Alcune difficoltà sono già emerse, pesano i punti persi con Cagliari, Atalanta ed Empoli a fine settembre. Quei 3 pareggi consecutivi hanno creato le prime scosse sotto i piedi dell’allenatore, finito in bilico dopo il derby e la figuraccia col Betis. «Io e Paolo (Maldini, ndr) parliamo poco, non possiamo stare a smentire voci su Gattuso ogni volta. Oggi Gattuso è l’allenatore del Milan, e vogliamo che lui rimanga, che vinca le partite e la squadra migliori: questo è l’obiettivo – ha chiarito Leonardo -. Stiamo parlando di 9 partite di campionato e 3 di Europa League, e Gattuso è stato messo in discussione dall’esterno per due volte, una cosa abbastanza fuori luogo. Sono voci che lasciano il tempo che trovano. Poiché siamo noi tre, io, Paolo e Gattuso, anche per la storia e la complicità che abbiamo insieme, per prima cosa sarà sempre tutto molto chiaro. E sarebbe bellissimo riuscire a fare delle cose insieme». In queste complicate settimane Gattuso ha sempre provato a trasmettere serenità allo spogliatoio e adesso, a due mesi dalla tragedia del ponte Morandi che posticipò l’esordio in campionato del Milan, il recupero è un trampolino verso la zona nobile della classifica. Un’occasione da non sciupare, perché fra tre giornate c’è lo scontro diretto con la Lazio, dopo la trasferta di Udine, il big match con la Juventus e la sosta.
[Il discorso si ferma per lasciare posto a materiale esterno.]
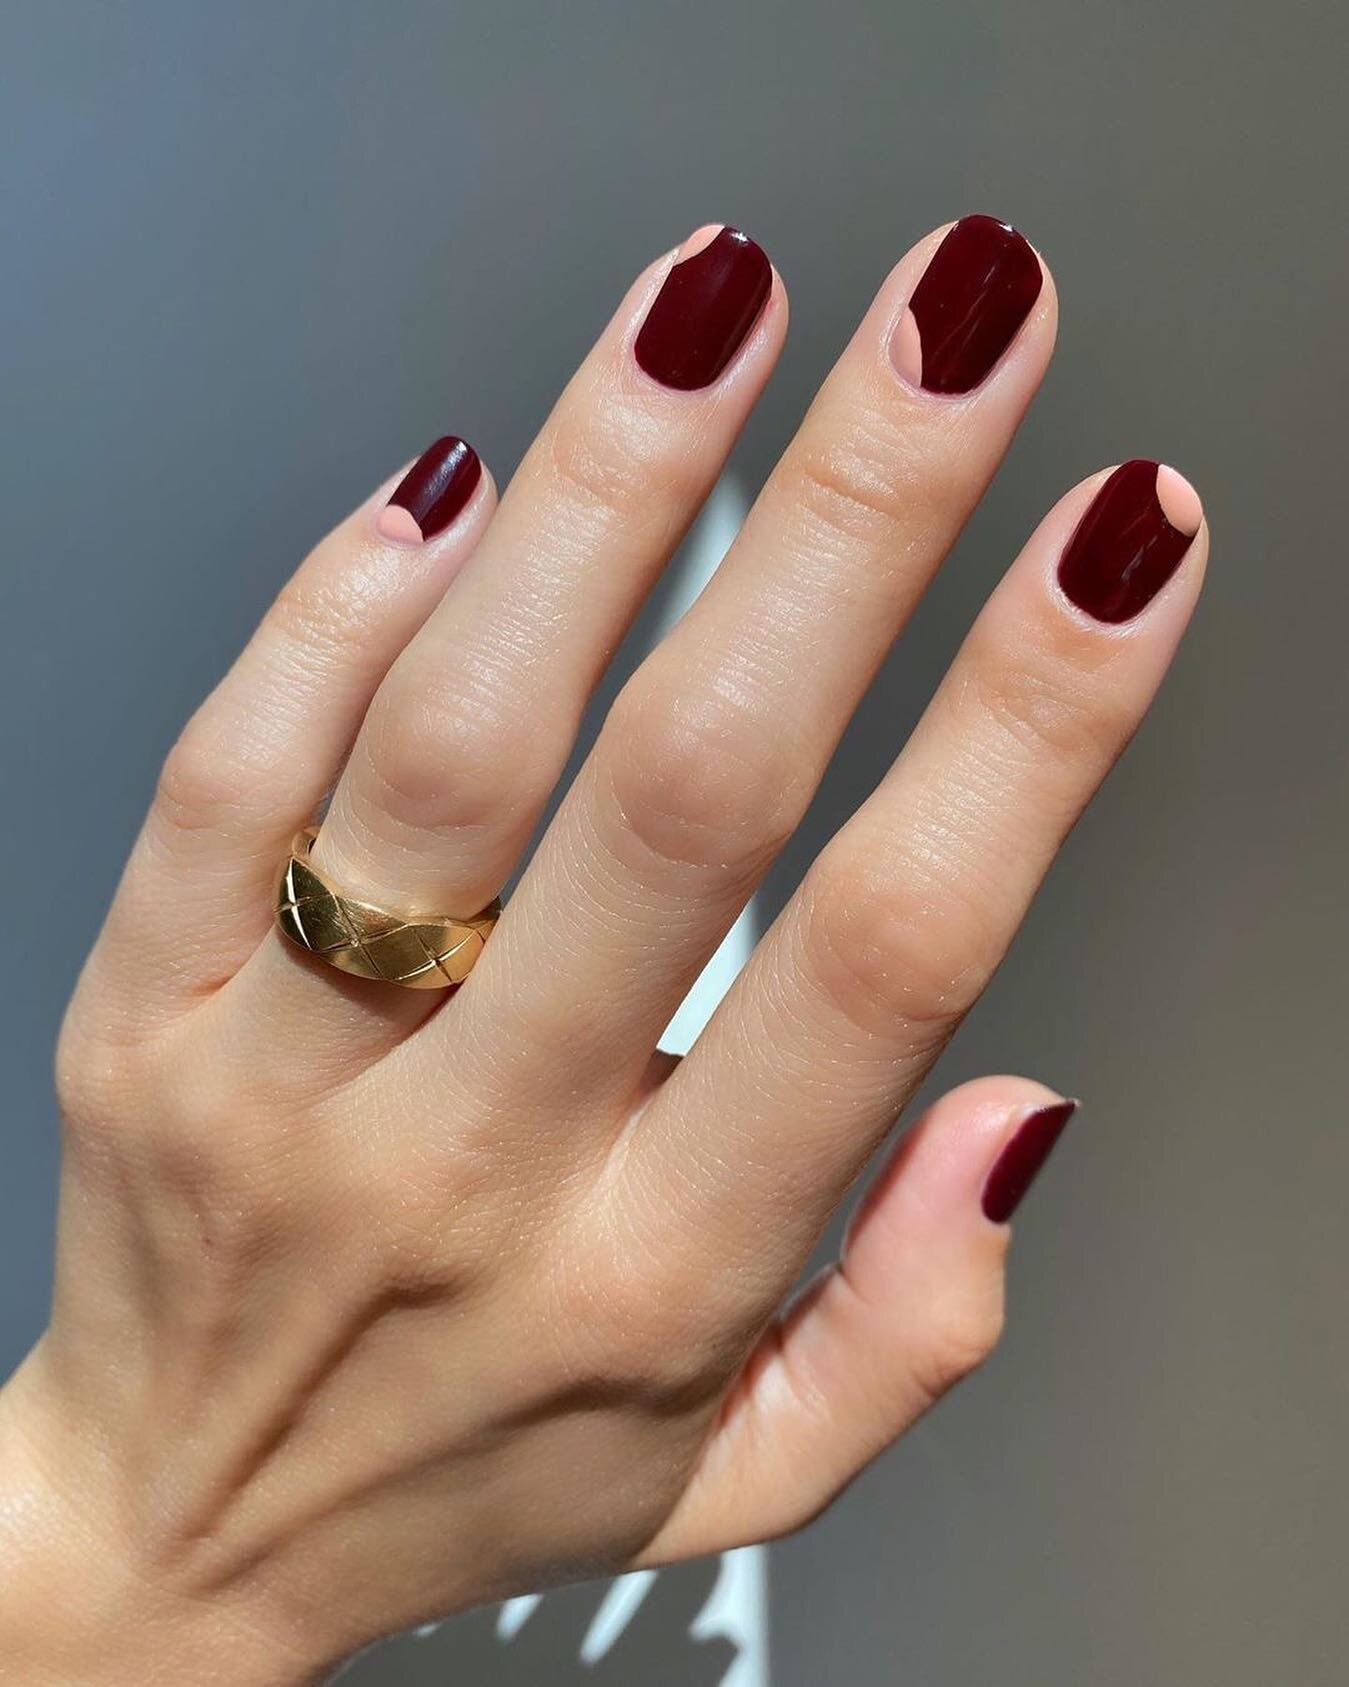 Get Polished to Perfection with These 4 Nail Artists

Il ritmo a cui sta marciando la squadra di Simone Inzaghi (1.8 punti a partita) è esattamente quello con cui ha viaggiato l’anno scorso il Milan durante la gestione Gattuso: 24 partite con 44 punti, e la media è ancora più alta (2 punti a gara) considerando solo le 19 giornate del girone di ritorno. Da dicembre i rossoneri non si sono comportati affatto male negli scontri diretti, pareggiando 1-1 a Firenze, superando la Lazio per 2-1 a San Siro, espugnando l’Olimpico contro la Roma, strappando un pareggio nel derby di ritorno e l’1-1 con il Napoli in casa. Tutto ciò, però, non è stato sufficiente a tornare in Champions, visto che il Milan ha chiuso sesto, a -8 dall’Inter. Praticamente sono stati fatali i 9 punti lasciati per strada fra aprile e maggio contro squadre finite poi alle spalle dei rossoneri: Sassuolo, Torino, Benevento e Atalanta.
Dopo 11 mesi di alti e bassi Gattuso è dunque il primo a sapere che conquistare il quarto posto oggi contro il Genoa non sarà semplice e ancor più complicato sarà mantenerlo fino a maggio. In questa lunga marcia sarà fondamentale far resistere il fortino di San Siro, dove il Milan, considerando anche la coda dell’ultimo campionato, è imbattuto da 6 partite (5 vittorie), in cui ha segnato sempre almeno 2 gol. In questa Serie A nessuno ha realizzato più reti del Milan nel primo tempo (9), e in parallelo il Genoa è quella che ne ha subìti di più (11) prima dell’intervallo. Può essere un’arma in più per la squadra di Gattuso, che però in tre occasioni non ha saputo conservare il vantaggio, perdendo 7 punti fra Napoli, Atalanta ed Empoli. Anche domenica i rossoneri si sono visti sorpassare dai gol di Saponara e Quagliarella, che hanno spinto quasi sul baratro Gattuso, salvato dalla reazione composta e decisa della squadra, nonché dalle prodezze di Higuain e Suso. Due gol che hanno cambiato l’orizzonte di Gattuso.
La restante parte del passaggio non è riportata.